Whitney's theorem tell us that a m-dimensional manifold embedds in $\mathbb{R}^{2m}$, but does not tells us if it embedds in $\mathbb{R}^n, n < 2m$. In special, I wanted to know whether the circle embedds in $\mathbb{R}$. For this, I tried constructing a function $f: \mathbb{S}^1 \longrightarrow \mathbb{R}$ given by $f(\cos\theta, \sin\theta) = \theta$ for $(\cos\theta, \sin\theta) \in \mathbb{S}^1$. The image is $f(\mathbb{S}^1) = (0, 2 \pi]$ if $\mathbb{S}^1$ is defined as usual as a subset of $\mathbb{R}^2$ with $\theta$ on that interval.

Such function $f$ seems to be the more natural mapping I can think of, for its inverse is how $\mathbb{S}^1$ is typically defined. The problem is that $(0, 2 \pi]$ is not open in $\mathbb{R}$ (usual topology) whereas $\mathbb{S}^1$ is open in itself (subspace topology). So should I conclude that $\mathbb{S}^1$ does not embedd in $\mathbb{R}$?

Whitney's Theorem is about smooth embeddings of smooth manifolds in Euclidean space. A smooth embedding by definition has no singularities. For an embedding into $R$ this means that the function's derivative is nowhere zero.

A function from the circle into $R$ must have a maximum and a minimum - because the circle is compact - and at these points the function's derivative is zero.

Also, at these points the derivative reverses sign so the function is not 1-1 in neighborhood of the critical points.

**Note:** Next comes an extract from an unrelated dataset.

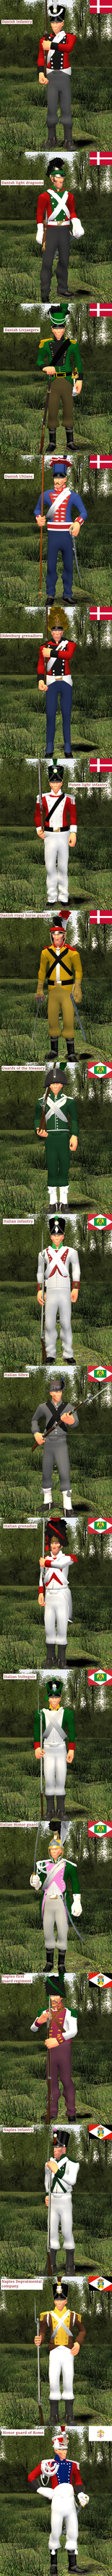 Napoleonic wars uniform challenge part 4. by Samuraiknight-1600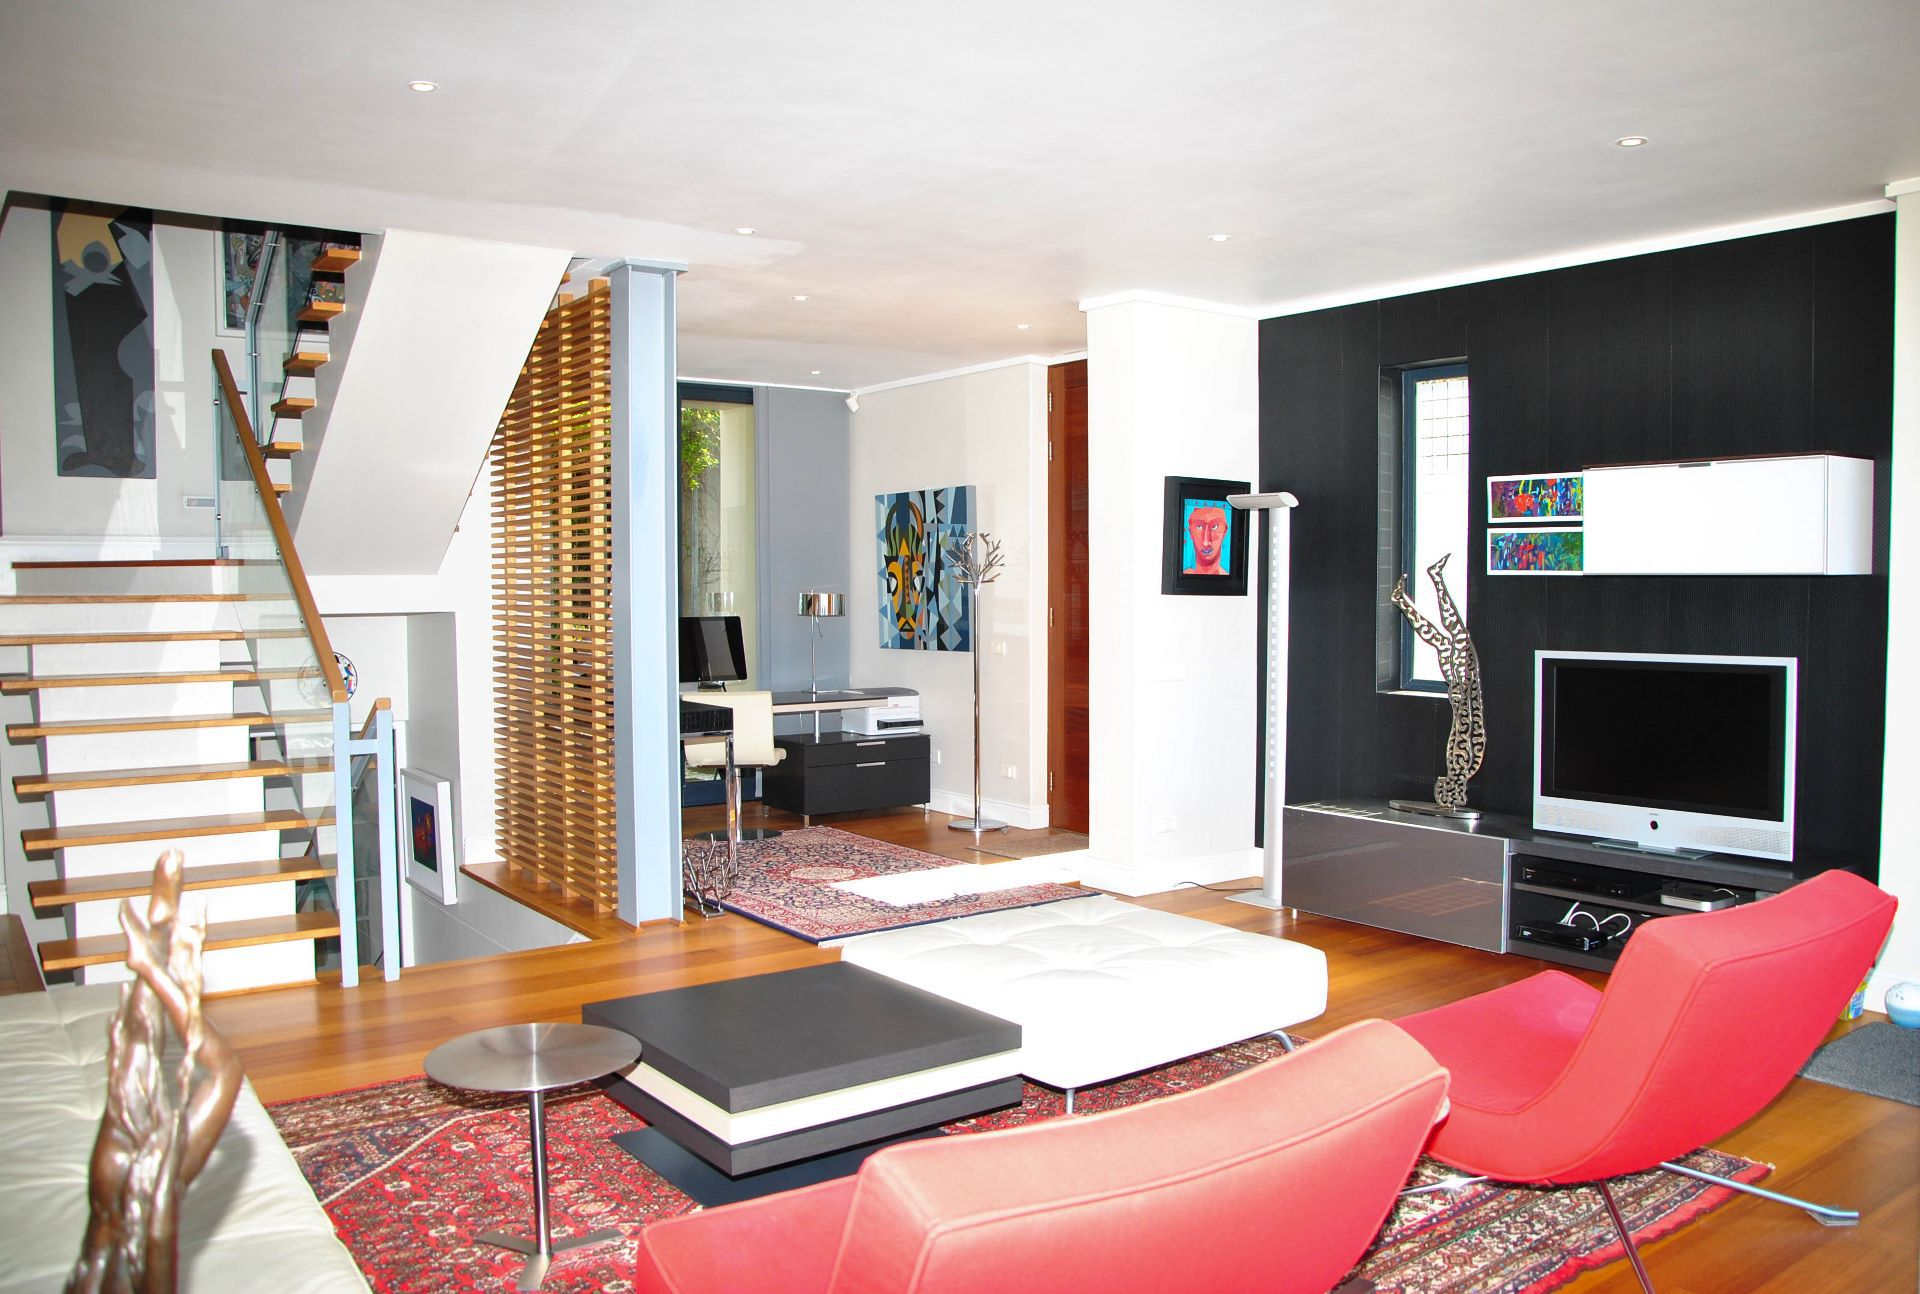 Apartment For Sale In Kalk Bay 3 Bedroom 13548997 7 9 Cyberprop

- More generally one can not embed a compact n-manifold in $R^{n}$. Any n- dimensional submanifold of $R^{n}$ must be an open set since each point has an open neighborhood that is homeomorphic to an open n dimensional ball.

 

[kent davidge]

Whitney's Theorem is about smooth embeddings of smooth manifolds in Euclidean space

Thanks for pointing this out

For an embedding into $R$ this means that the function's derivative is nowhere zero

...because otherwise the derivative map would not be injective?

 

[lavinia]

Thanks for pointing this out

...because otherwise the derivative map would not be injective?

Yes. An embedding is a difeomorphisrm so the derivative map must be an isomorphism on each tangent plane.